JPH09331667A - Linear induction motor - Google Patents

Abstract

PROBLEM TO BE SOLVED: To miniaturize a linear induction motor, by changing the sizes of the two coil-end portions present on both the side surfaces of its primary side to select their dimensional relation adequately. SOLUTION: When an inside crossover line 6 is provided in the inner side of a lateral-U-shaped frame 4, an outside coil-end width CO1 is made smaller than an inside coil-end width CI1. Since only one primary side portion affecting the width of a secondary conductor 5 is the outside coil-end width CO1 and it is made smaller than the width CI1 by the width of the inside crossover line 6, the width of the secondary conductor 5 can be reduced. Thereby, the build of the whole of a linear motor can be made small and its price can be made low too, because the reduction of the width of the secondary conductor 5 affects largely the build and price of the whole of the linear motor when the length of the secondary conductor 5 is made large.

Description

Detailed Description of the Invention

[0001]

BACKGROUND OF THE INVENTION 1. Field of the Invention The present invention relates to a linear induction motor, and more particularly to a linear induction motor for driving an elevator.

[0002]

2. Description of the Related Art Conventional linear induction motors used for long-stroke applications such as elevators are disclosed in, for example, Japanese Unexamined Patent Publication No.
As described in Japanese Patent No. 24772, the primary side is a movable side, the secondary conductor is laid and fixed over the entire process, and the secondary conductor is sandwiched between the two-sided primary side.
The primary side is held by a U-shaped frame. Also,
The primary side includes a coil and a core, and the coil is wound around the core so as to circulate the area of one pole in order to generate a magnetic flux. That is, the coil is wound through the slot portion of the core and the space on the side surface of the core. The coil in the space on the side surface of the core is generally called a coil end.

[0003]

By the way, the thrust of the linear motor is generated in the portion of the secondary conductor where the main magnetic flux from the primary side interlinks. Then, the main magnetic flux is generated from the core on the primary side. For this reason, it goes without saying that the coil end is a portion that does not contribute to the thrust, and it is important to reduce the size of the coil end to reduce the size of the linear motor. In the conventional example, there is no particular description about the structure of the coil end portion on the primary side, and no study on the coil end portion has been made.

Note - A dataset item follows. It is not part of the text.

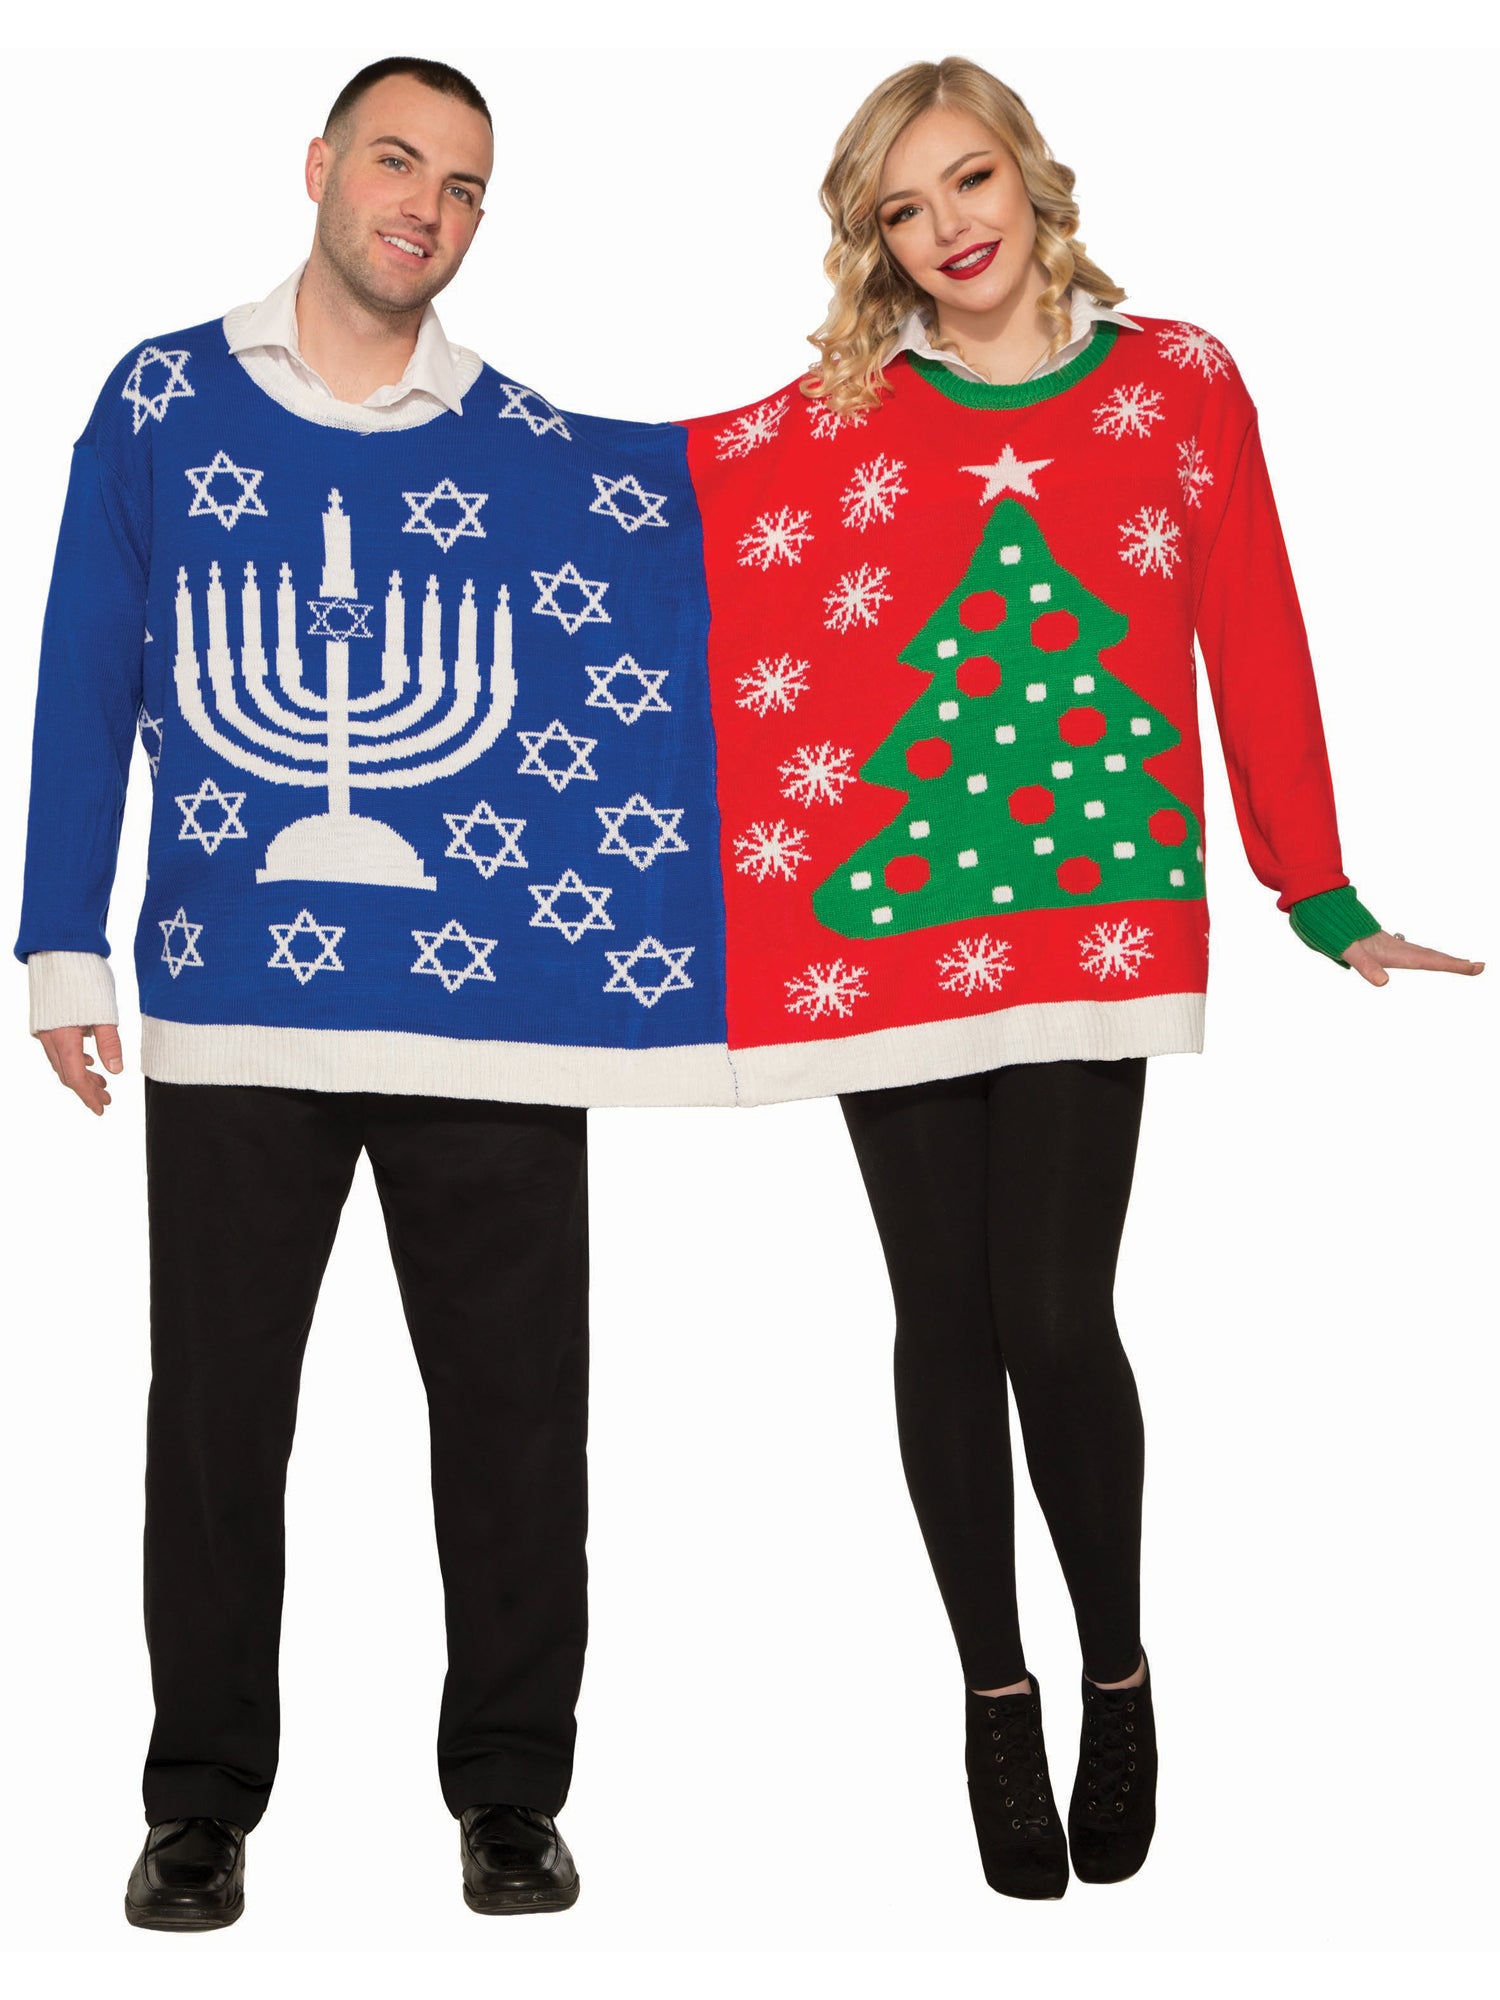 Chanukah/Christmas for Two Sweater - costumes.com

The object of the present invention is to provide two sides on the primary side.
By changing the size of the two coil end portions and appropriately selecting the magnitude relationship, the size of the linear induction motor can be reduced.

[0005]

SUMMARY OF THE INVENTION The above problem is a linear induction motor having a primary side made of a magnetic material core and a coil made of a conductive material and a secondary side conductor facing each other through a gap, and having a coil end on the primary side. This can be solved by varying the dimensions of. In addition, it is a linear induction motor of both sides primary consisting of a magnetic conductor core and a primary side consisting of a coil of conductive material and a secondary conductor facing each other through a gap, the primary side being held by a U-shaped frame, This is solved by making the coil end on the back side of the U-shaped frame different from the coil end on the release side of the U-shaped frame.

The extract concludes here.